Britain’s fastest growing solar specialists EOS Energy worked round the clock to install 5,000 solar panels before midnight on Friday at the Hendra Holiday Park (near Newquay) so that they can be connected to the grid before the Feed-in-Tariff (FiT) cut-off date.

Western Power have decreed that the photovoltaic panels had to be in place last week if they are to be connected to the grid before the Government cut-off date for existing Feed-in-Tariffs.

SolarCentury are the developers of the 5680 panel, 1.4MW Park on the site of the disused tin mine at Wheal Jane near Truro.

Under the FiT scheme, individuals or developers who generate power from solar – or other renewable sources – receive payments from their energy supplier based on how much energy they generate to off-set installation.

Climate Change Minister Greg Barker announced a radical overhaul of the FiT earlier this year and the rates for larger installations are to be significantly cut under legislation currently being considered in the Commons. The cut off deadline for existing rates is midnight on 31st July.

The existing FiT for 100kW to 5MW solar arrays is 29.3 pence per kilowatt hour supplied to the grid. As of 31st July, the FiT for 250kW to 5MW projects will be cut to 8.5 pence.
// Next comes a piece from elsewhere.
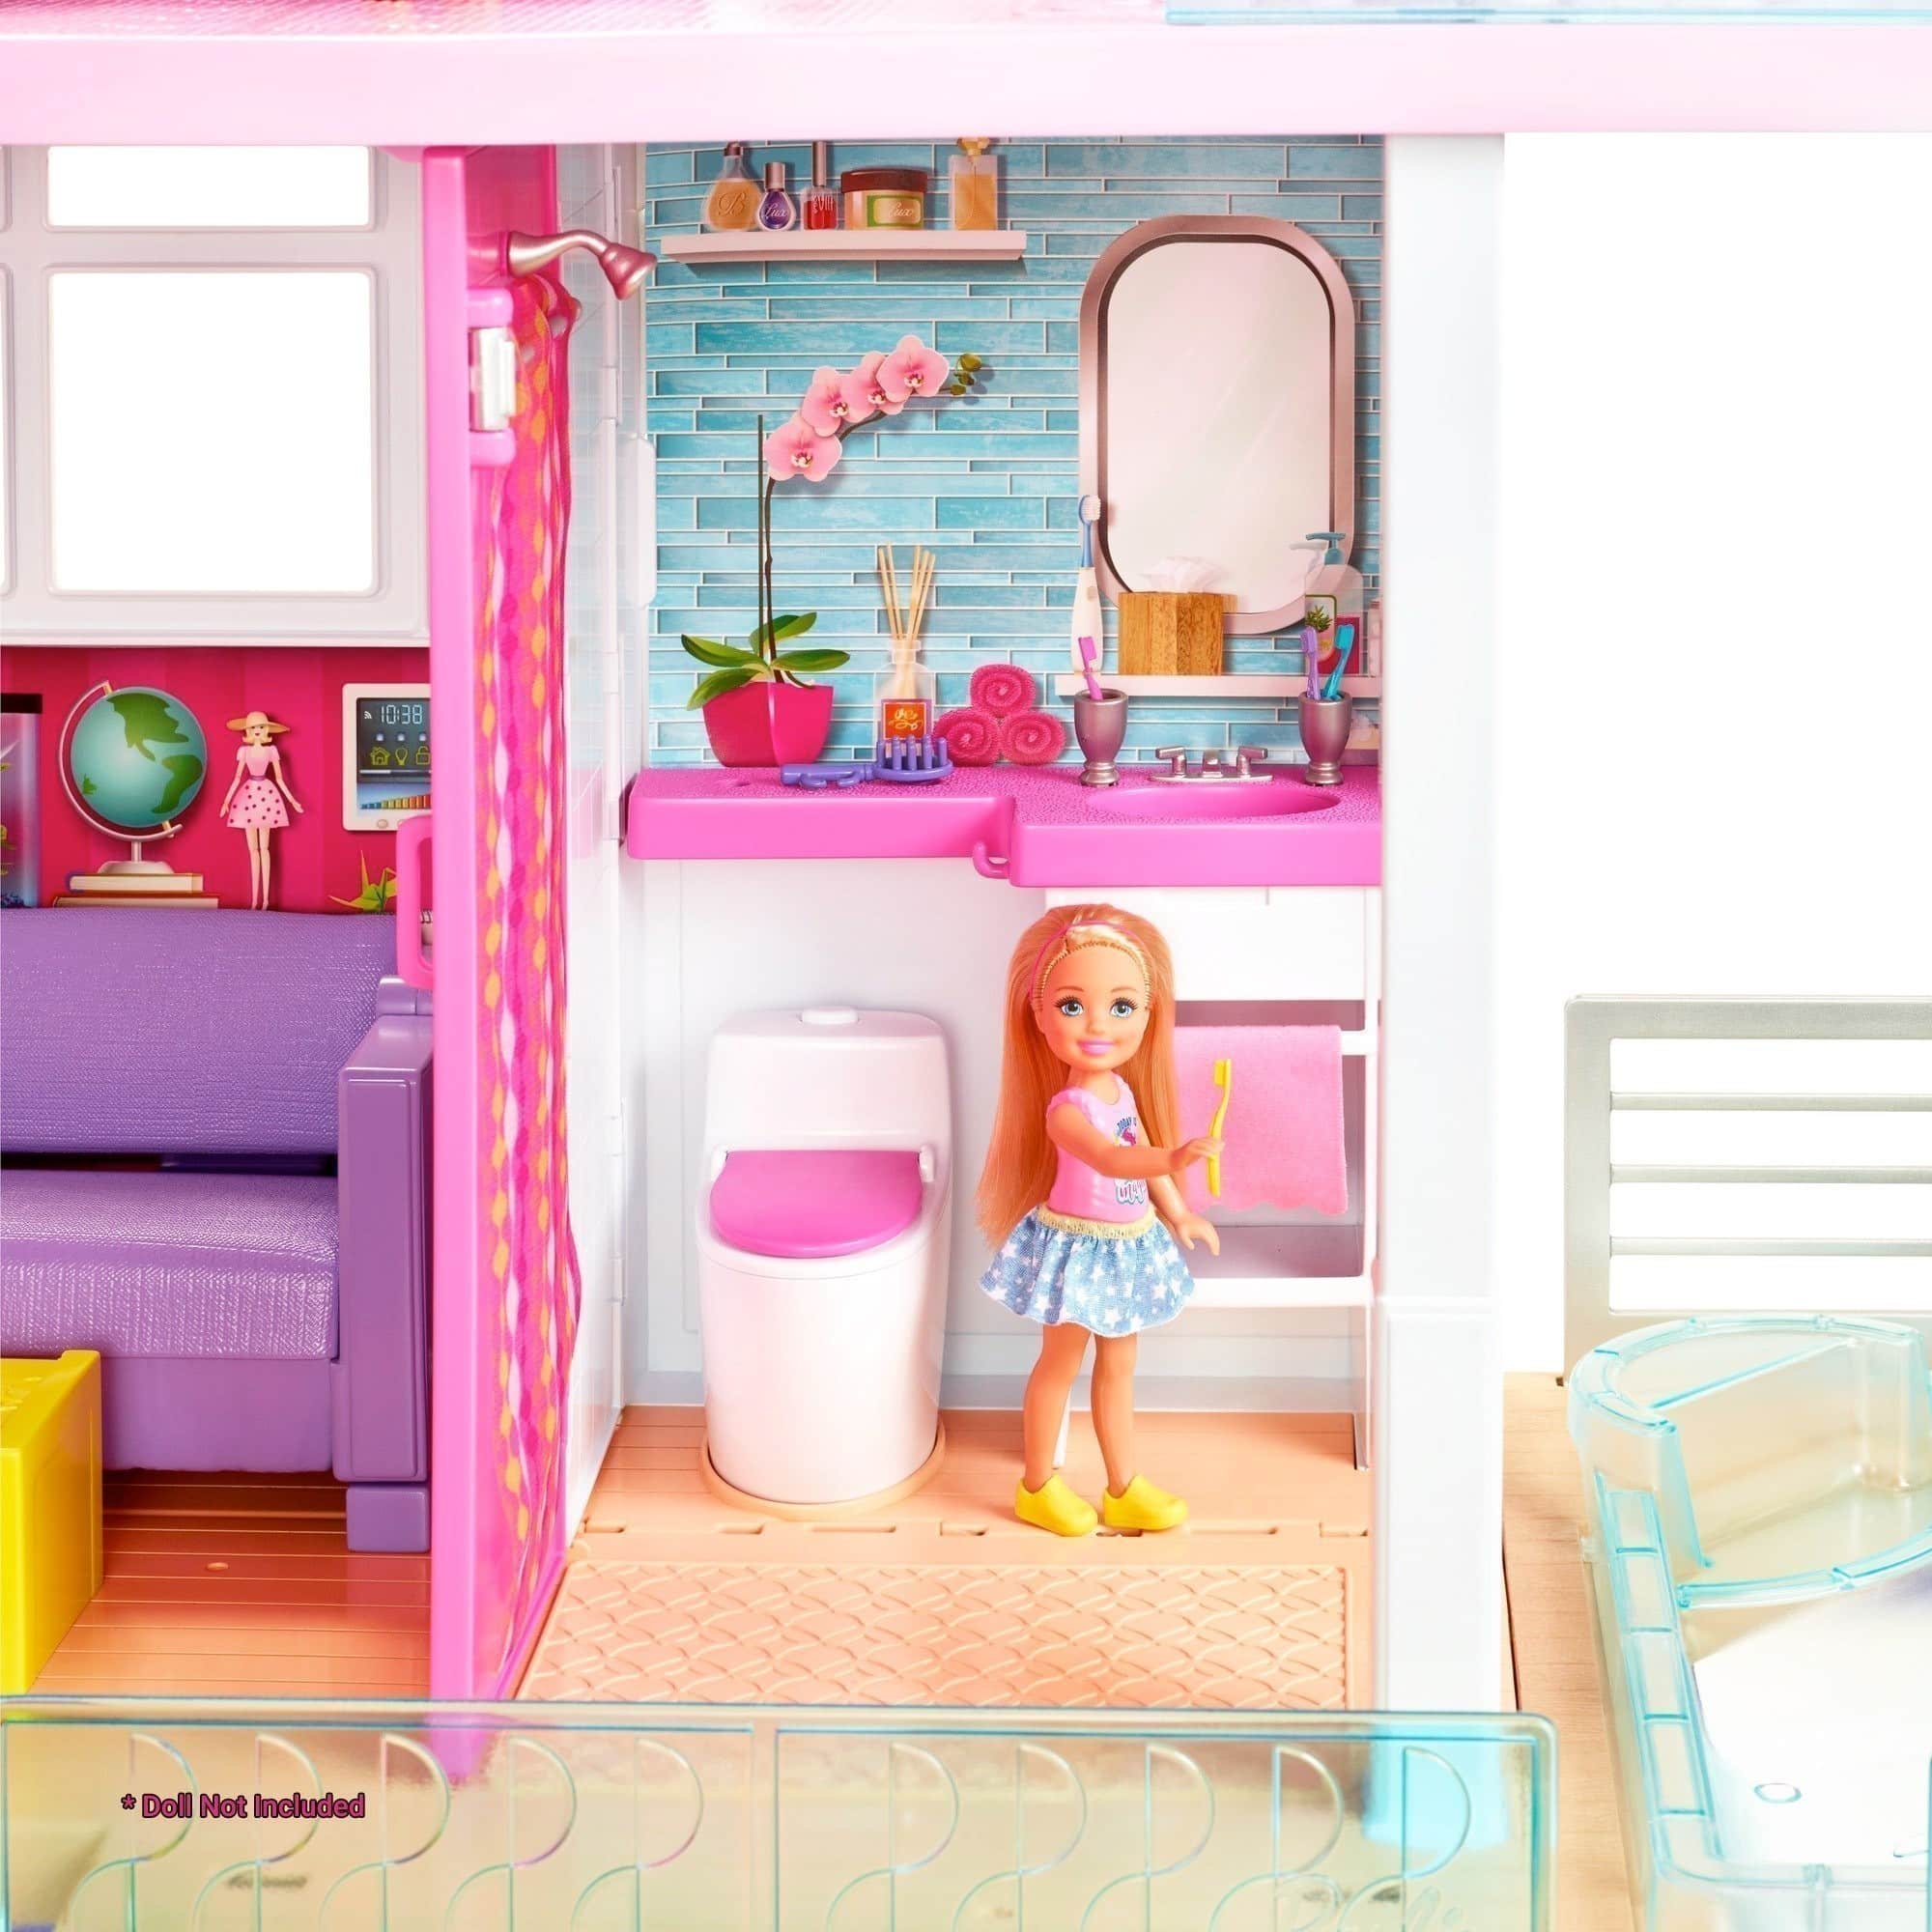 Barbie® - DreamHouse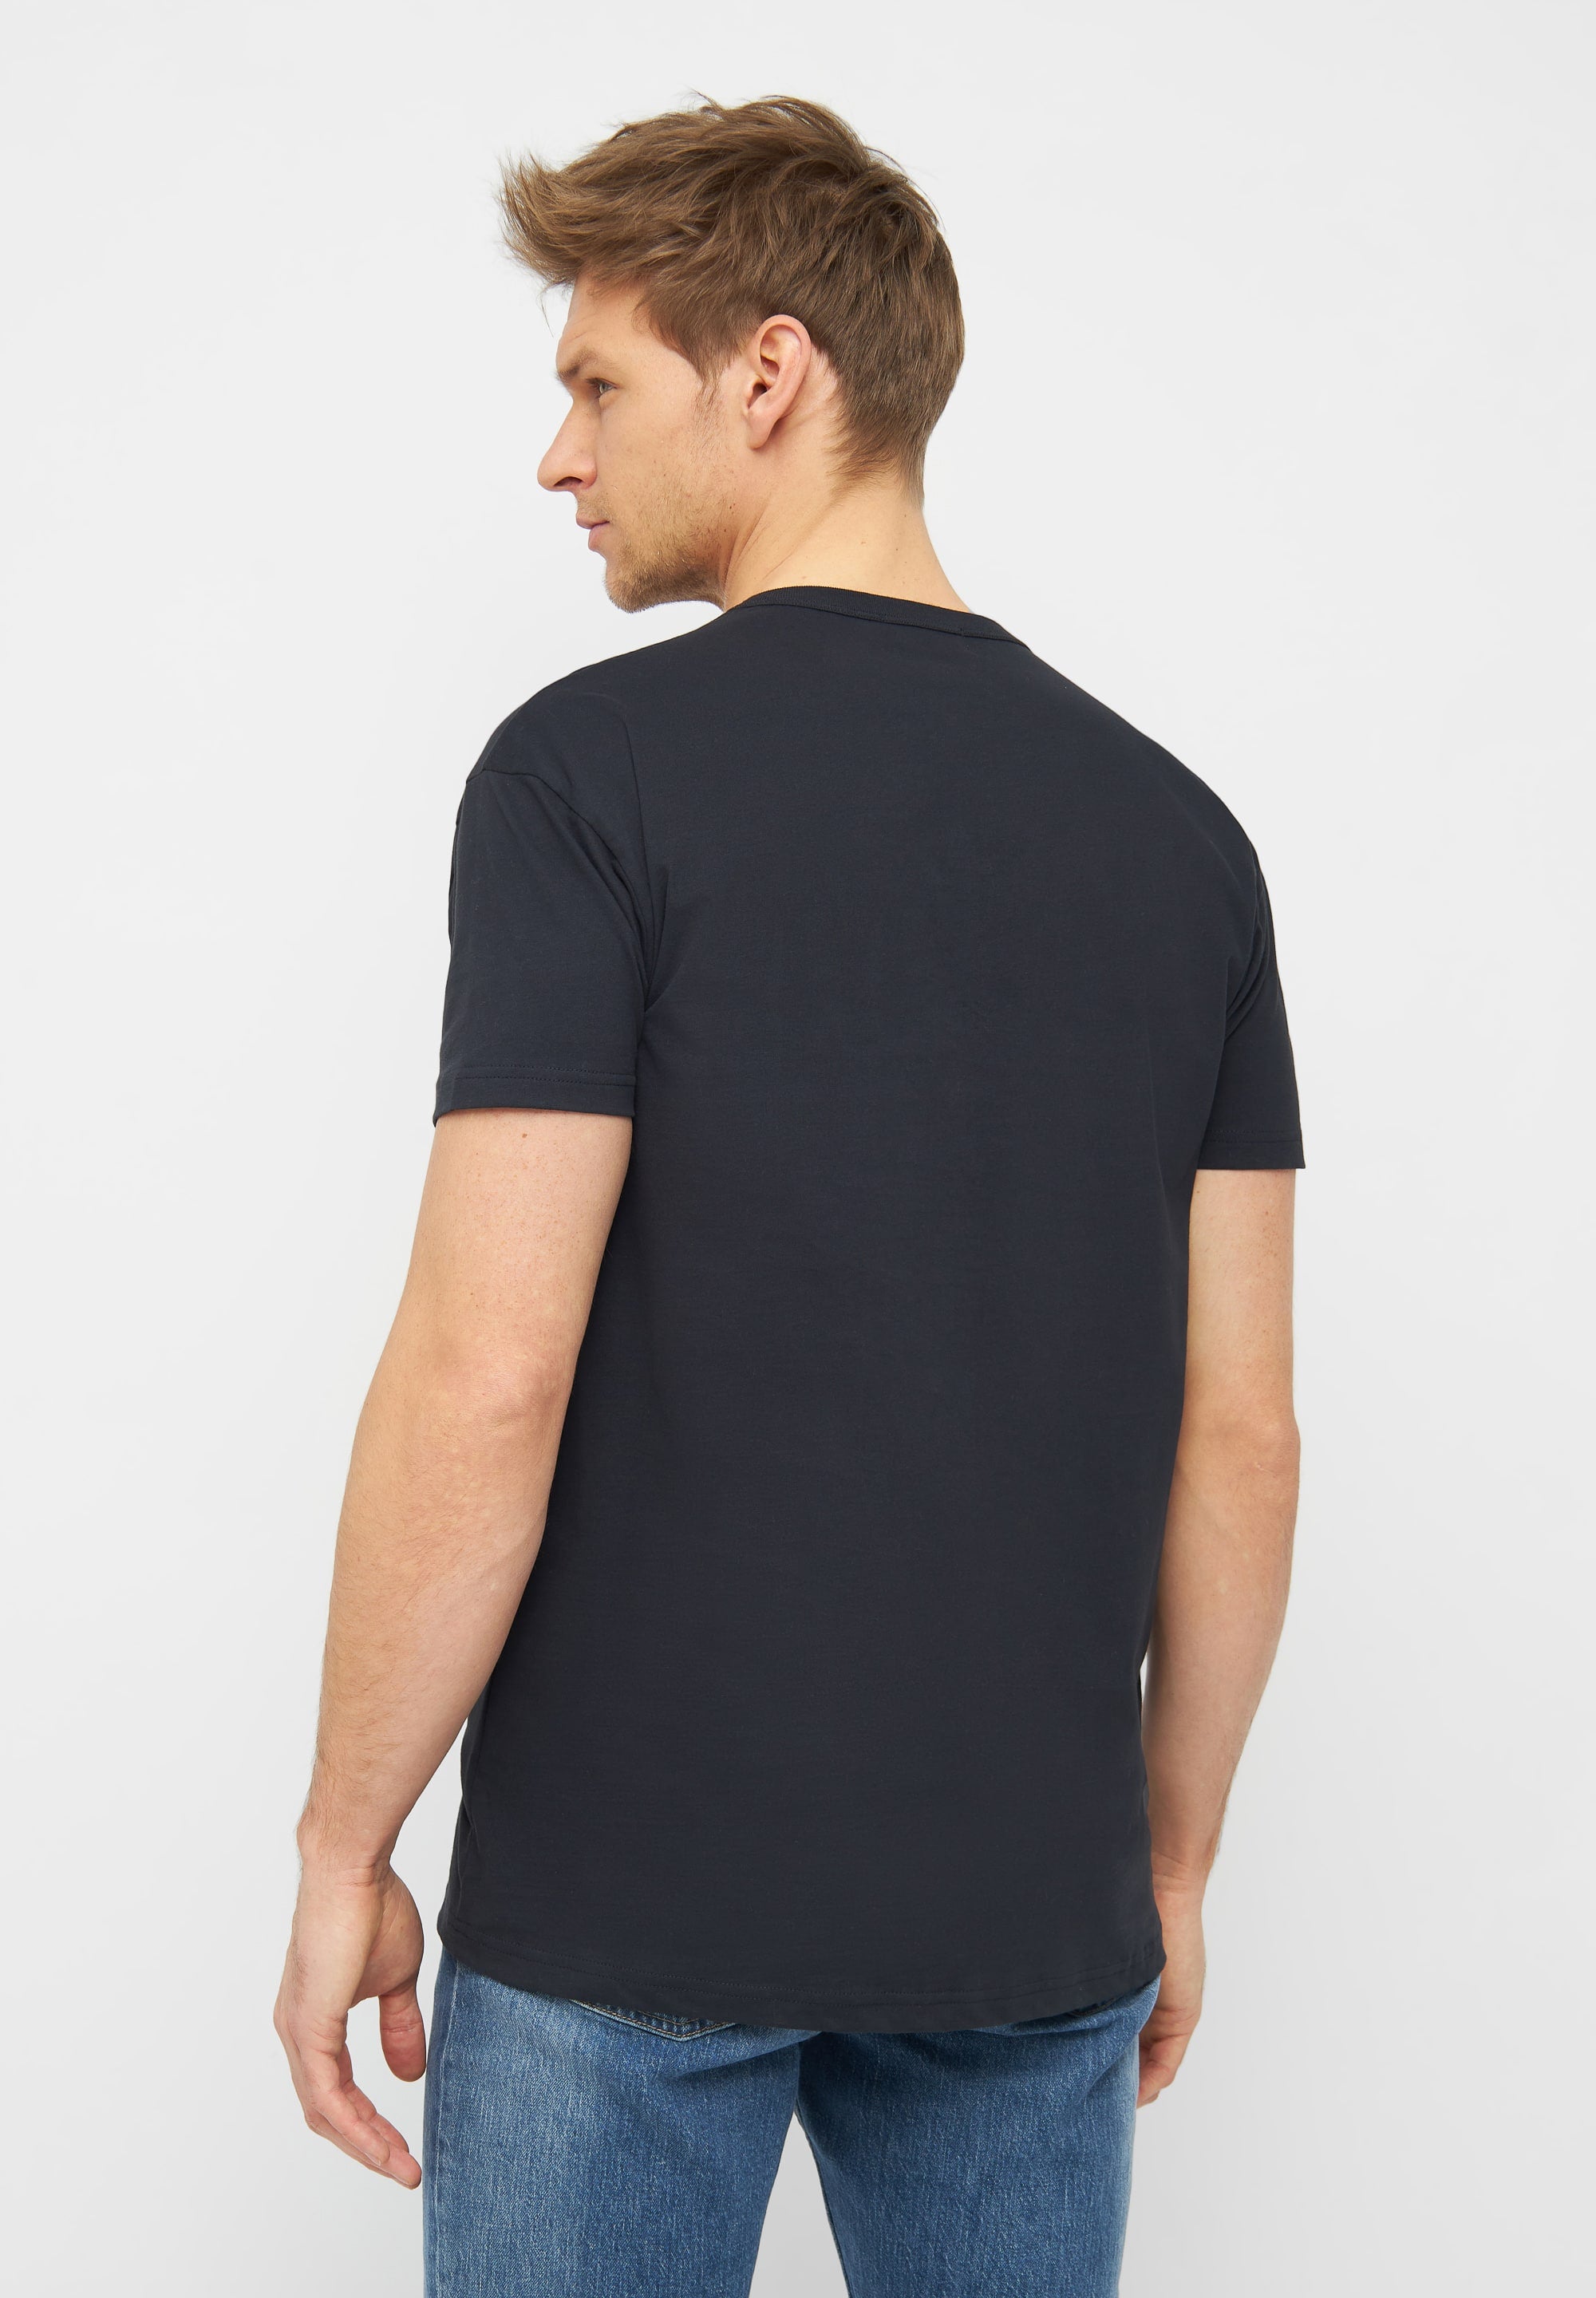 DERBE Wellenross jet Herren T-Shirt, black

Despite the cut in FiT payments some companies are planning to push ahead with large solar developments even though they will miss out on the deadline. Cornwall County Council has currently granted planning permission for 27 prospective solar parks.

Developers are hoping that the government will have a change of heart and announce a new subsidy scheme (called Renewable Obligation Certificates (ROC)) later this year.

“We welcome that the Feed-in-Tariff scheme has been skewed in favour of domestic rather than commercial developments. Domestic arrays introduce renewable energy to more households and more individuals but we cannot support a capped system,” said Lee Summers, director of EOS Energy.

Conor McGuigan, of Lightsource Renewable Energy (LRE) who worked on the Wheal Jane development said: “While it’s been disappointing the Government has decided not to support the large scale solar sector going forward, the solar farms developed this summer will play a critical role in the supply of green energy in the UK, we look forward to helping owners develop solar projects from this point.”

Mr Summers added: “If Britain is to become an exemplar for solar in Europe then a few years of uncapped growth in the solar industry is what is required.

“Germany did not develop the largest solar industry in the world by imposing caps on the industry immediately. Even now they have a large growth corridor annually, before deciding at which level to impose the cap,” he said.

“A period of uncapped solar development would provide Britain with a reliable source of politically secure, safe, renewable energy for the next thirty years. Britain has very similar climatic conditions to Germany,” said Mr Summers.